How we look at this (an integrator, not a box)
We don't sell "80% autonomy out of the box" — in 2026 that's an anti-product. We build an agent for your slice of tickets and on your data (CRM, orders, policies), turn on seamless escalation to a human, and measure confirmed resolution rather than deflection. It's duller than a press release — but the numbers survive an audit, and the brand doesn't learn the hard way through its own "Klarna case."
Rakes worth not stepping on
- Writing "80%" into the plan as fact. It's a ceiling or a forecast; your number is calculated on your data.
- Confusing deflection with resolution. Deflected ≠ helped.
- Removing the human where humans are needed. Klarna's lesson cost it reputation; escalation is mandatory.
- A pilot without data integration.
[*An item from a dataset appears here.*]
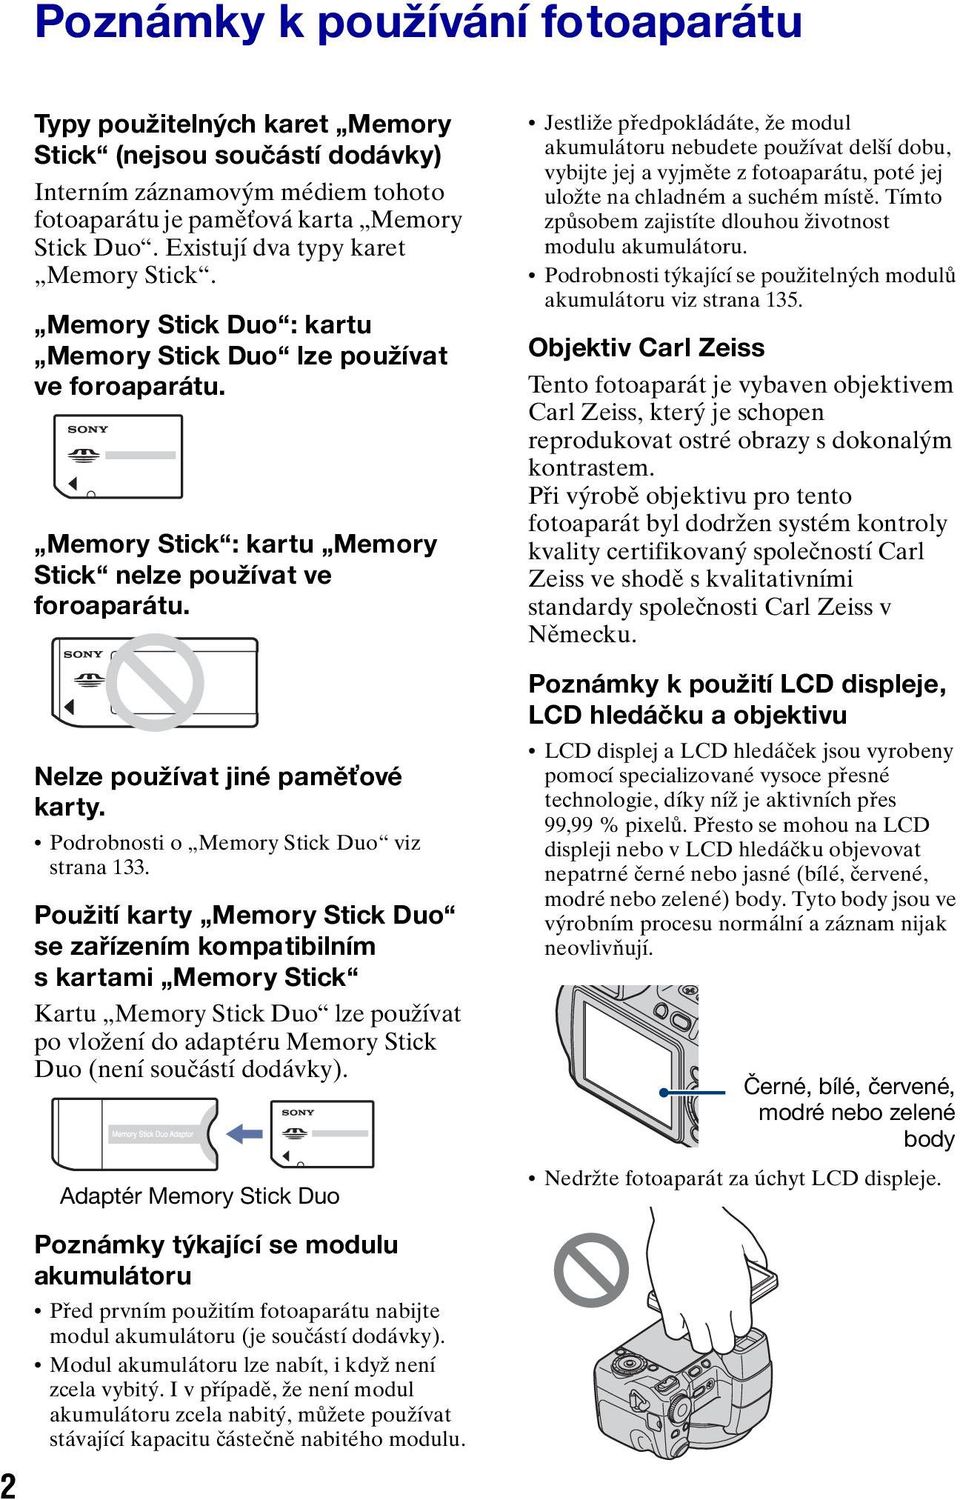 Nelze používat jiné paměťové karty. Podrobnosti o Memory Stick Duo viz strana 133.

An agent without access to orders and policies will hit a low ceiling — and you'll be convinced that "AI doesn't work."
- Measuring the wrong thing. The count of deflected tickets is a vanity metric; count confirmed resolutions and CSAT.
Where to start
Not "AI support out of the box," but four sober steps:
- Calculate your real ceiling. Take 90 days of ticket history and mark what percentage is genuinely automatable on your specific data. That's your number, not the vendor's.
- Launch the agent on that slice — with integration into the CRM/orders and seamless escalation to a human.
- Measure confirmed resolution and CSAT, not deflection.
- Expand the slice only when the numbers hold; don't force up the autonomy.
Why this matters right now
2026 is the year the industry quietly shifted from asking "how many tickets did we deflect" to "how many did we actually resolve — and are we willing to pay for it." Vendors are already voting with their wallets, moving to pay-for-confirmed-result. The winner is the one who builds support around a number that survives an audit, not around a slide. In support, AI is a lever for human quality and speed, not a full replacement for it.